● **Work task**: Your answer must be the lines from the one containing "9Forty Era Era" through the last line below, copied exactly, with no pictures.

● **Dataset content**:
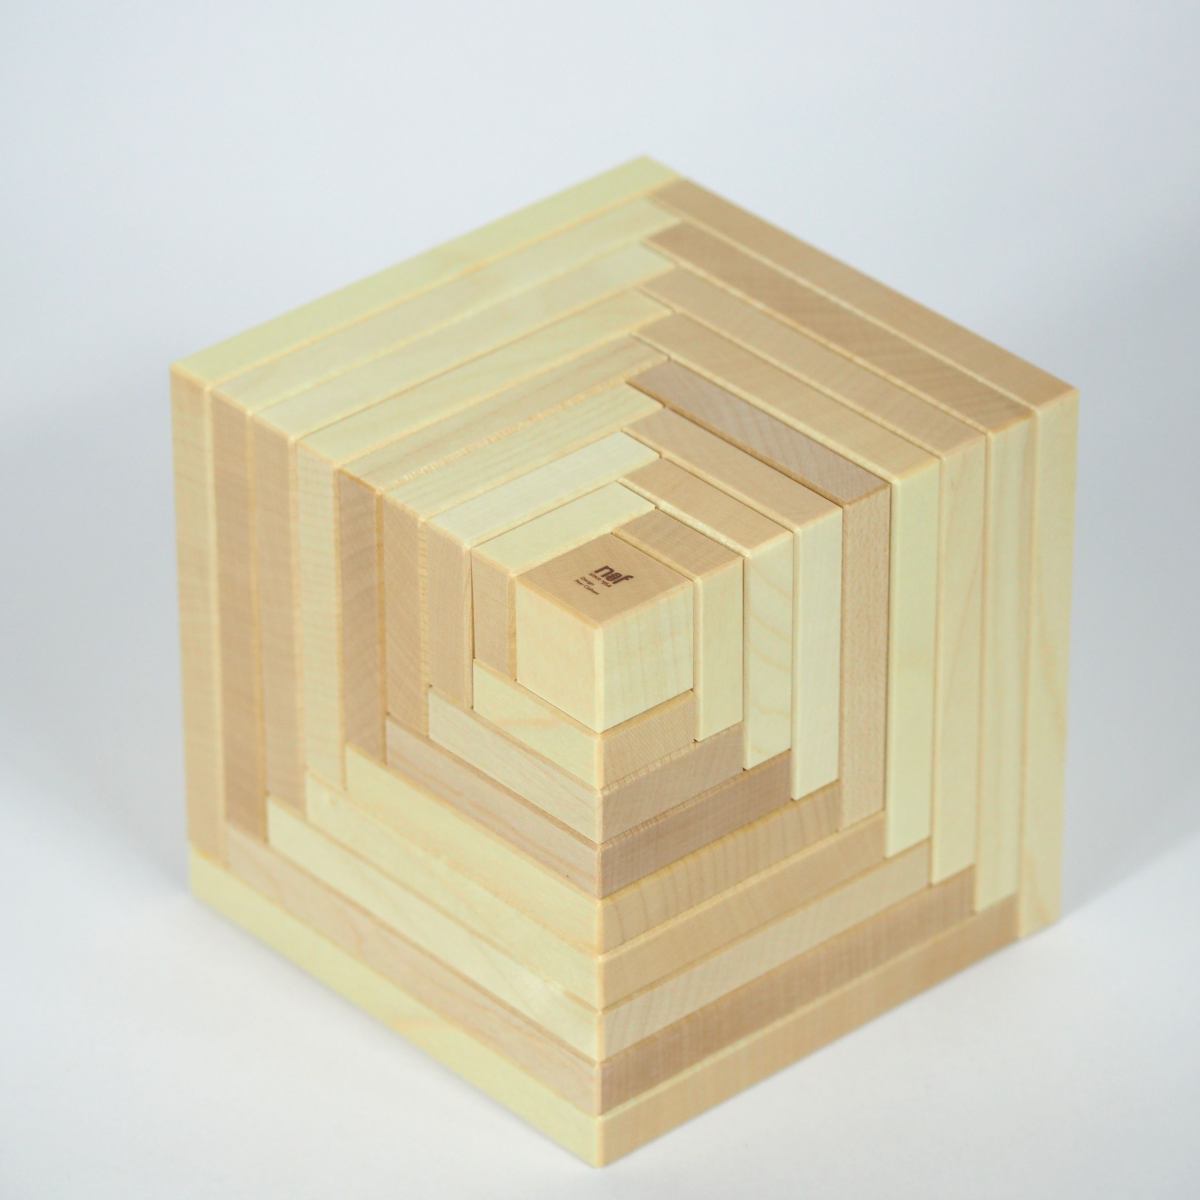 Cella (Natur) – Originales Naef-Spiel aus Holz für kreative Konstruktionen
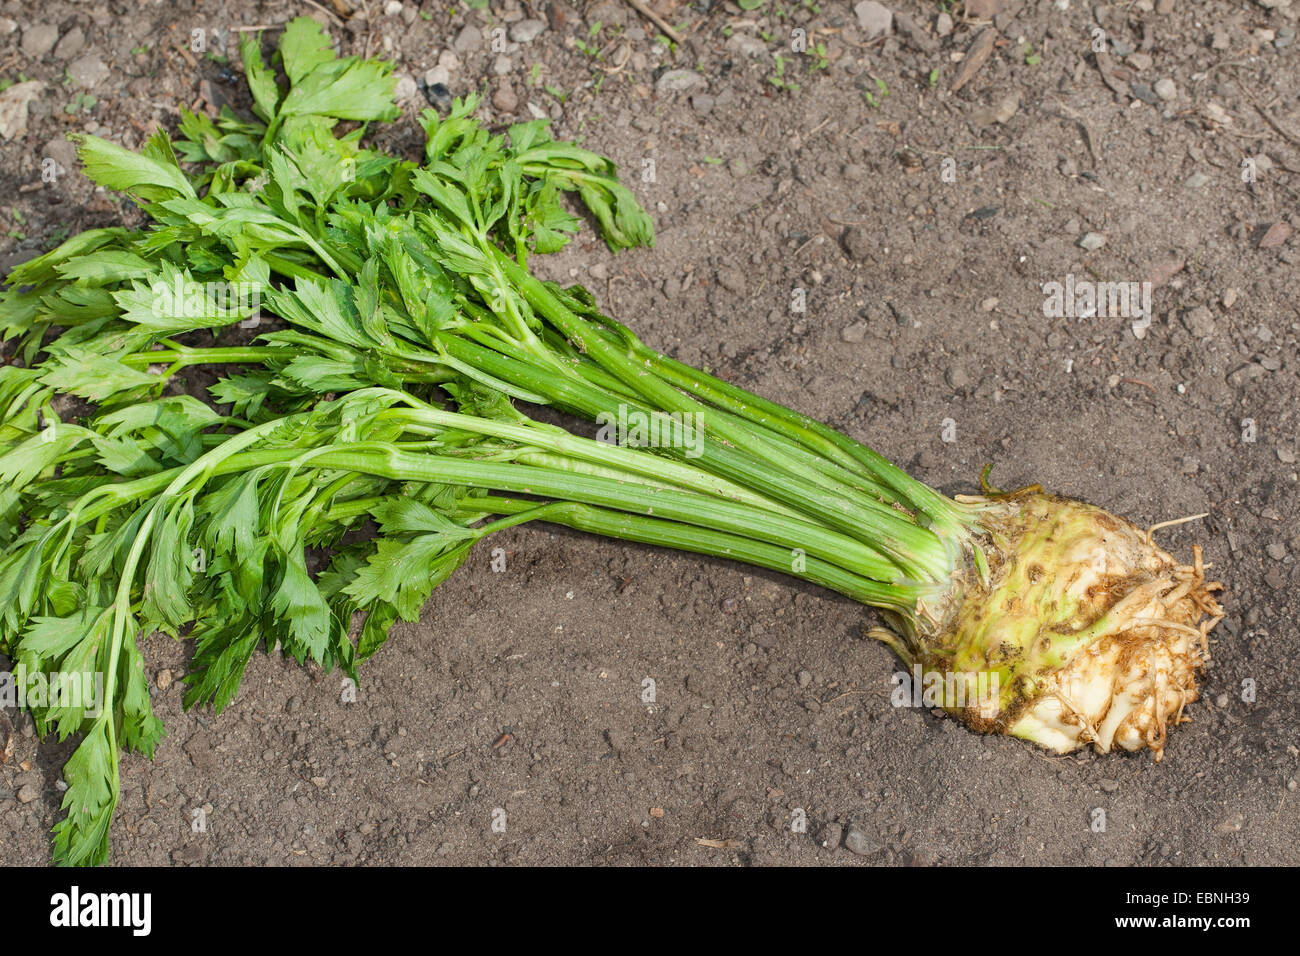 Celery, Celeriac, Turnip-rooted celery, Knob celery (Apium graveolens var. rapaceum, Apium graveolens rapaceum, Apium rapaceum), harvested celery, Germany Stock Photo
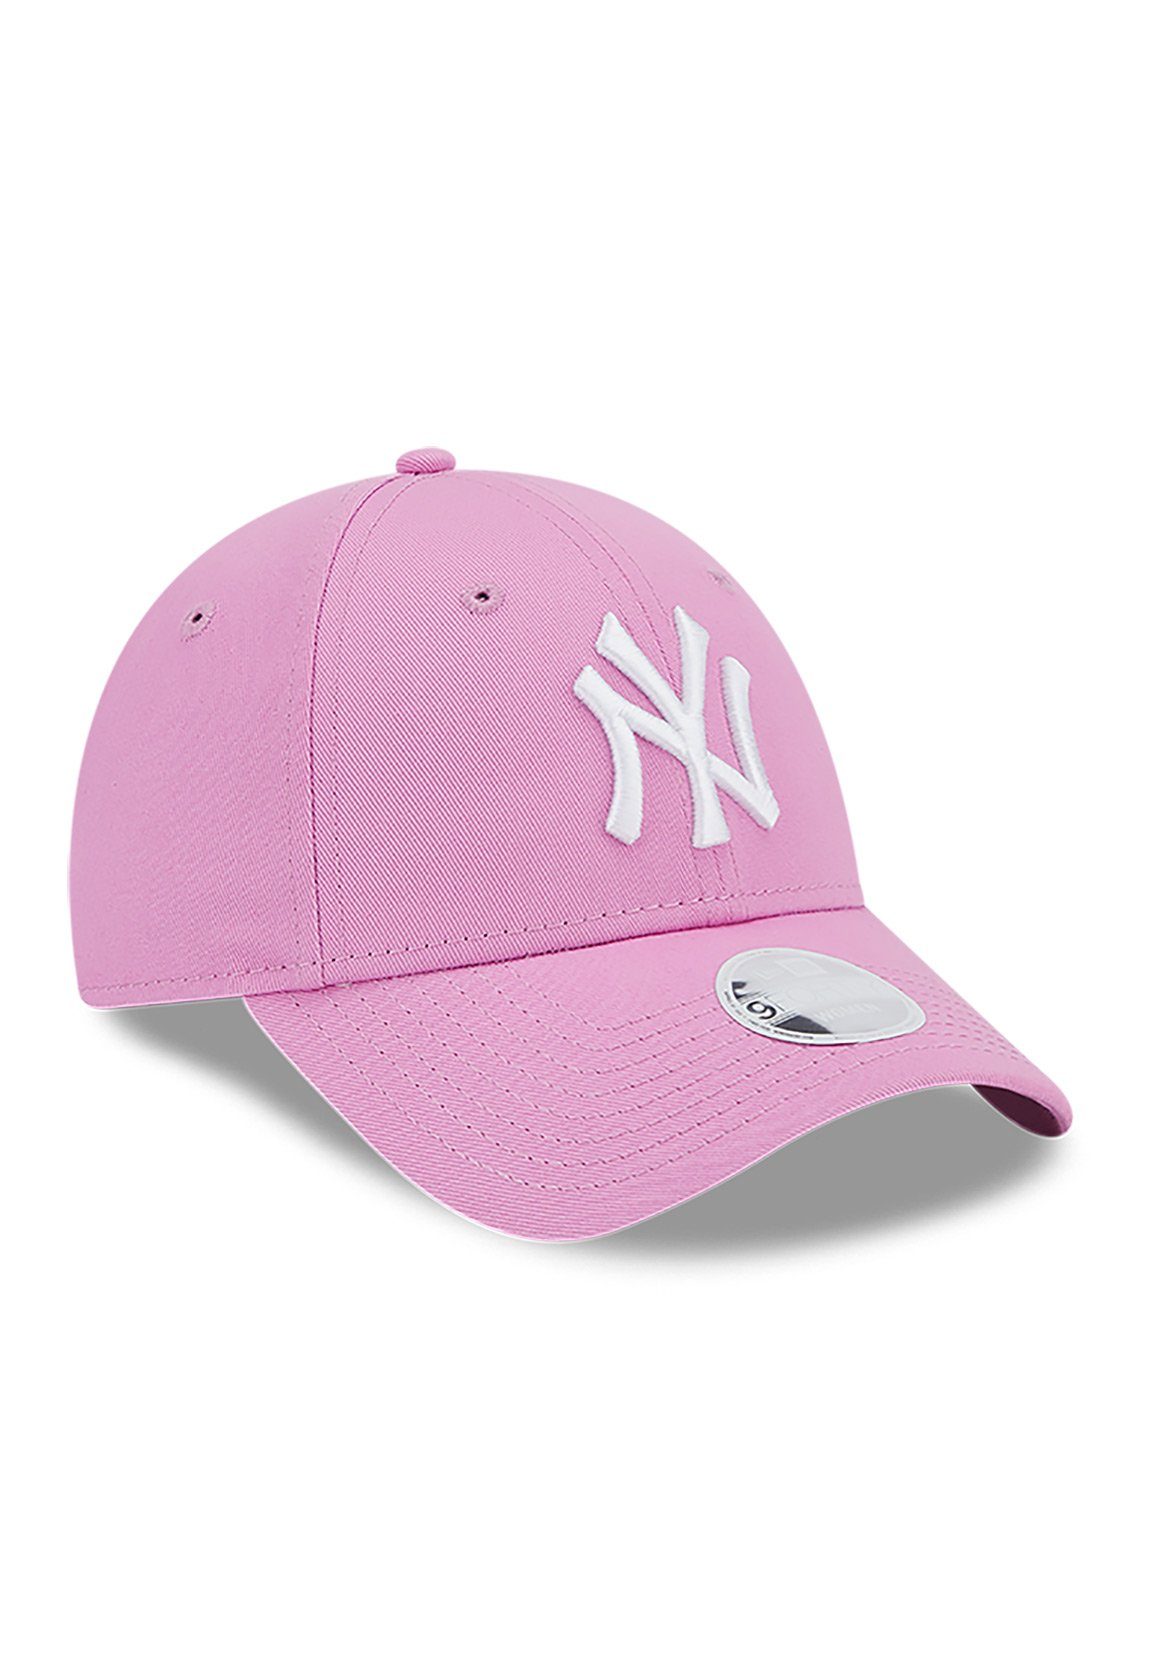 9Forty Era Era League Cap Damen Wmns YANKEES Adjustable Ess New New Cap Pink NY rosa Baseball
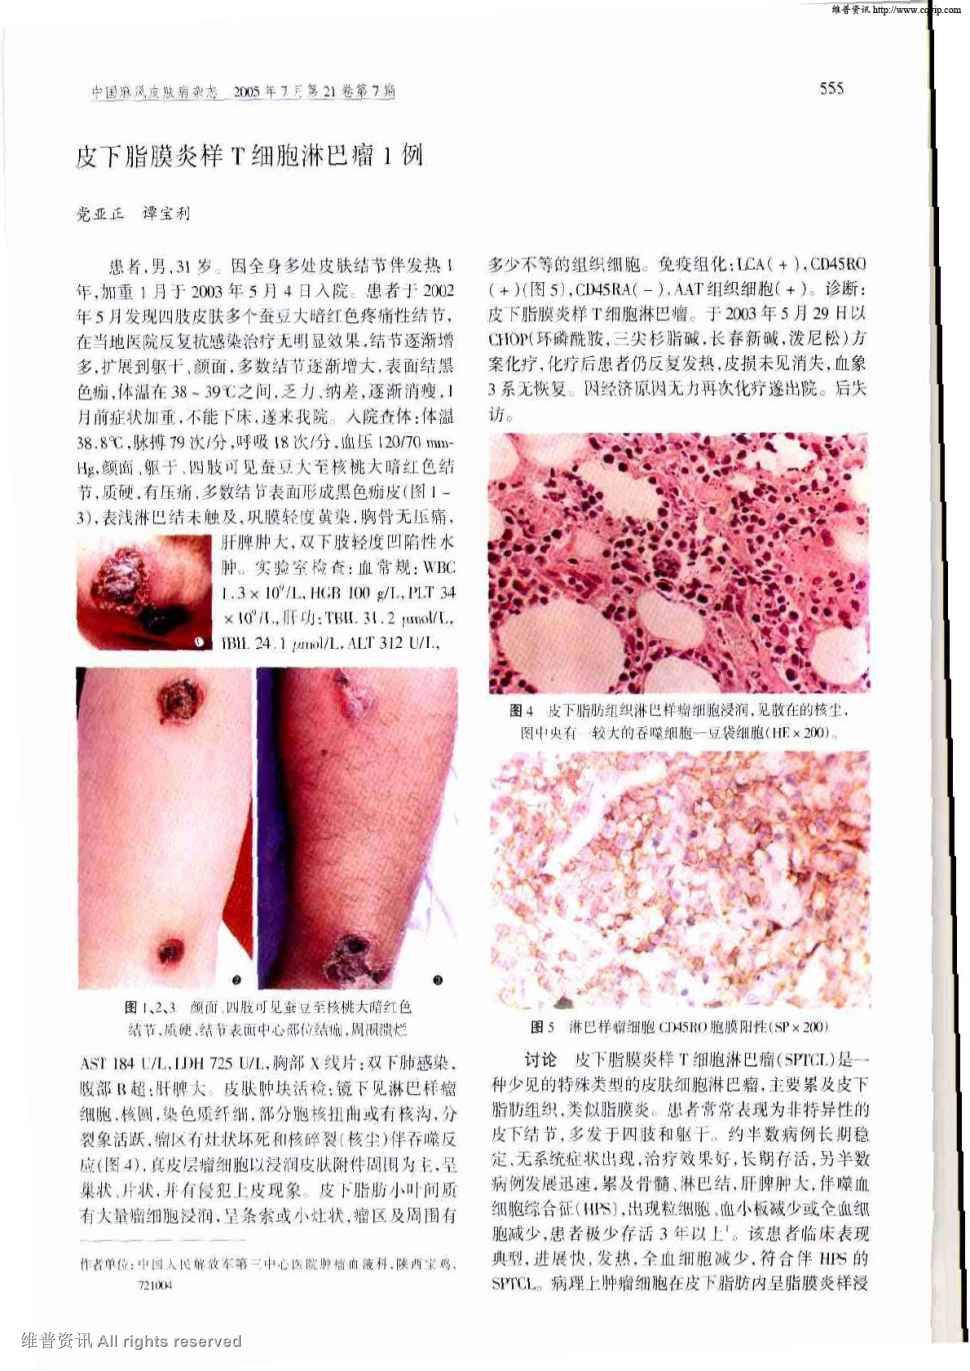 期刊皮下脂膜炎样t细胞淋巴瘤1例    患者,男,31岁.

● **Result of the exercise**:
 9Forty Era Era League Cap Damen Wmns YANKEES Adjustable Ess New New Cap Pink NY rosa Baseball
 期刊皮下脂膜炎样t细胞淋巴瘤1例    患者,男,31岁.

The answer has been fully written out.